Responsible editor: 
Guest Editors Smart Cities 2014

Submission type: 
Ontology Description
Abstract: 
Last decade has seen a rapidly increasing interest in the publishing of city data. Applying data analytics to these data could result in discovery of city knowledge, insights and thereafter data-driven decision making and action. A major challenge in this context is to integrate data coming from different sources for later analyzes. This paper proposes a formal foundation ontology, called Open 311 Ontology that provides a unified terminology and a reference model for representing the 311 data of cities. It is illustrated that the this ontology could be used for reasoning and answering competency questions as well as mapping and integrating data coming from various sources.
Full PDF Version: 
Tags: 
Reviewed

Decision/Status: 
Major Revision

Solicited Reviews:
Click to Expand/Collapse
Review #1
By Boris Villazon-Terrazas submitted on 09/Jan/2015
Suggestion:
Major Revision
Review Comment:

This manuscript was submitted as 'Ontology Description' and should be reviewed along the following dimensions: (1) Quality and relevance of the described ontology (convincing evidence must be provided). (2) Illustration, clarity and readability of the describing paper, which shall convey to the reader the key aspects of the described ontology.

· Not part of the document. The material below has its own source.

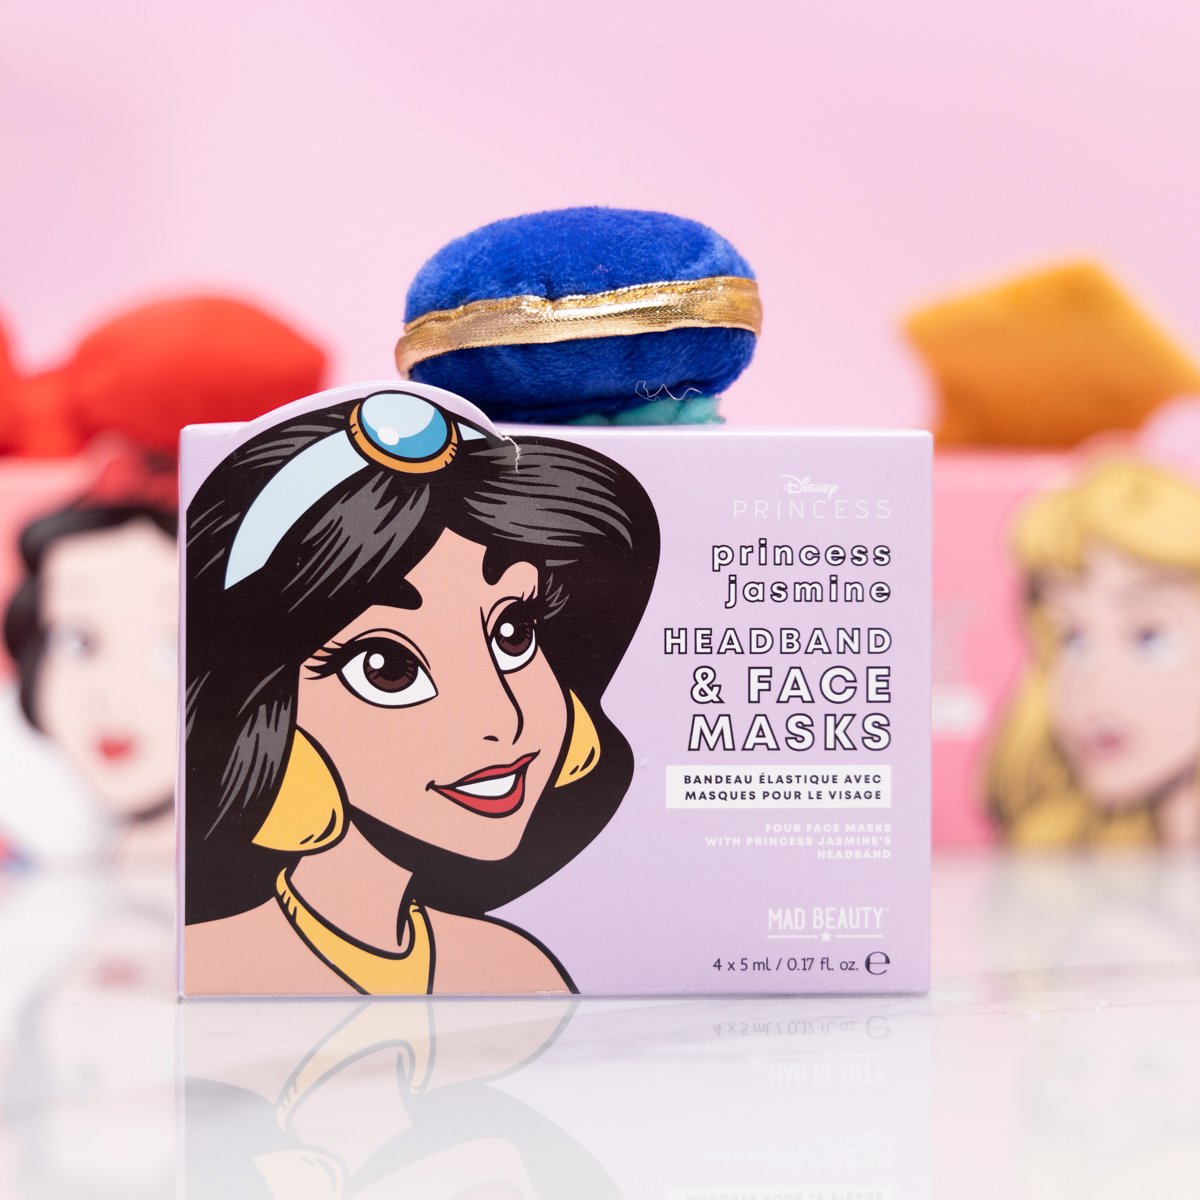 Disney Princess Face Mask and Headband

This paper tries to describe an Ontology for representing the data about non-emergency municipal services to the public. The ultimate goal of 311 systems is to enhance accessibility of city services. In this line Open311 is a collaborative model and open standard for civic issue tracking. In practice Open311 publishes a set of free and public available APIs that provide access to 311 services.

The authors try to model the information present on 311 datasets coming from four cities: Toronto, New York, San Francisco, and Chicago. Moreover, the authors describe part of the ontology development process, by defining a set of competency questions. Next, they describe the most important classes and properties of the ontology. They, also presents the already existing related ontologies for modeling the domain, and present an evaluation based on performing SPARQL queries.

Comments
- the paper does not follow the SWJ paper format
- there is not exhaustive analysis on the degree of coverage of the ontology over the data sources, this is important in order to validate the quality of the ontology
- is the ontology actually being used and validated in a real case scenario? my guess is not. So, there is no real evaluation.
- there is no detailed description of the ontology, how many classes, properties, etc does the final ontology have?
- I think that you cannot put as a reference a working paper (reference 3)
- In section 1 you mention the problem of NER, but you do not discuss about this in the next sections, how you really tackle this?
- Did you check other ontology development methodologies?
- There is no detailed description about the data sources of Toronto, New York, San Francisco, and Chicago. How big are the data sources? what is the format of the data sources? what are the entities (all of them) included on the data sources? all of them are expressed in English? Again, I was expecting a more detailed analysis of those data sources. Moreover, I'm also missing a brief description of the Open311 API
- In section 3.1 you are literally writing "hypothetical use case scenarios". Why? The ontology is going to be deployed on real case scenario, right?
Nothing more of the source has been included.